When to use metrics:
- Detect resource state changes in real-time
- Trigger alerts on performance thresholds
- Identify trends over hours, days, or months
- Monitor resource capacity and utilization
Logs and Log Analytics
Log Analytics workspaces are the central repositories for all logs and traces. Resources, applications, and services send structured log data to workspaces where it can be queried, analyzed, and retained for long periods.
Log Analytics characteristics:
- Centralized storage: All logs from VMs, applications, and services in one place
- Structured schema: Logs stored as tables with columns (e.g.,
AzureActivity,SecurityEvent,AppTraces) - Long retention: Configurable retention from 30 days to 2 years (configurable per table)

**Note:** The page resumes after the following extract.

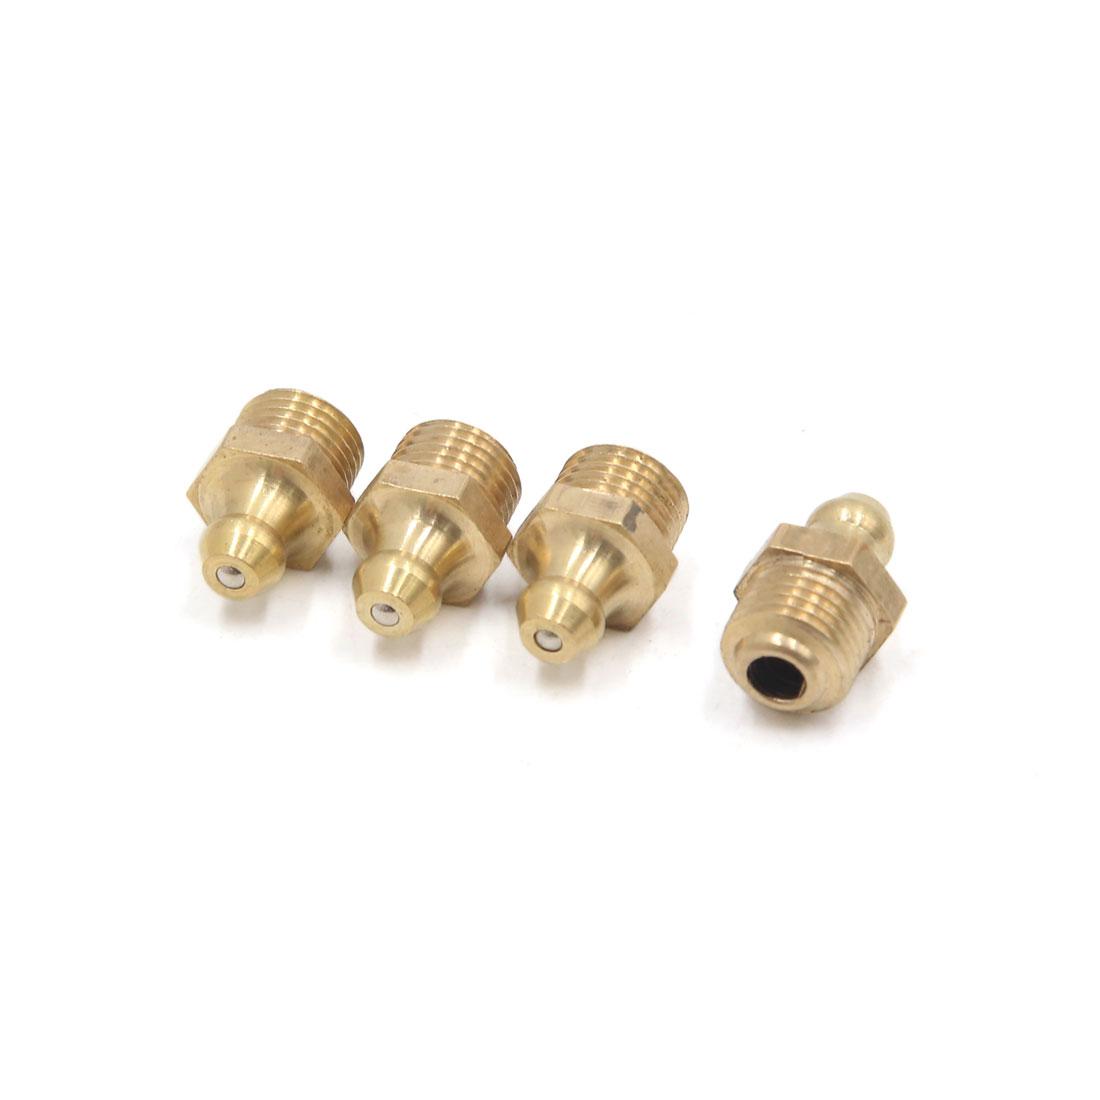 4 Pcs Brass M10 x 1mm Thread Straight Grease Zerk Nipple Fitting for Car

- KQL querying: SQL-like language for querying and aggregating log data
- Cost model: Per GB of data ingested and per GB retained (retention charges applied daily)
- Ingestion rate: Default 6 GB per minute per workspace (higher with support request)
Common log sources:
| Source | Log Table | Use Case |
|---|---|---|
| Azure Activity Log | AzureActivity |
Track Azure control plane operations (resource creation, deletions, RBAC changes) |
| Resource Diagnostics | Service-specific (e.g., AzureDiagnostics) |
VM logs, app logs, database logs, firewall logs |
| Application Insights | AppTraces, AppExceptions, AppRequests |
Application performance, errors, dependencies |
| Security Events | SecurityEvent |
Windows event logs from VMs |
| Syslog | Syslog |
Linux system logs |
| Custom Logs | User-defined tables | Application custom telemetry |
When to use Log Analytics:
- Store structured log data from applications and services
- Query logs with SQL-like syntax to find patterns
- Correlate events across systems
- Investigate incidents and debug failures
- Build long-term audits and compliance records
Application Insights
Application Insights is a specialized monitoring service for application performance. It automatically collects request rates, response times, failure rates, dependency tracking, and exceptions from your application code.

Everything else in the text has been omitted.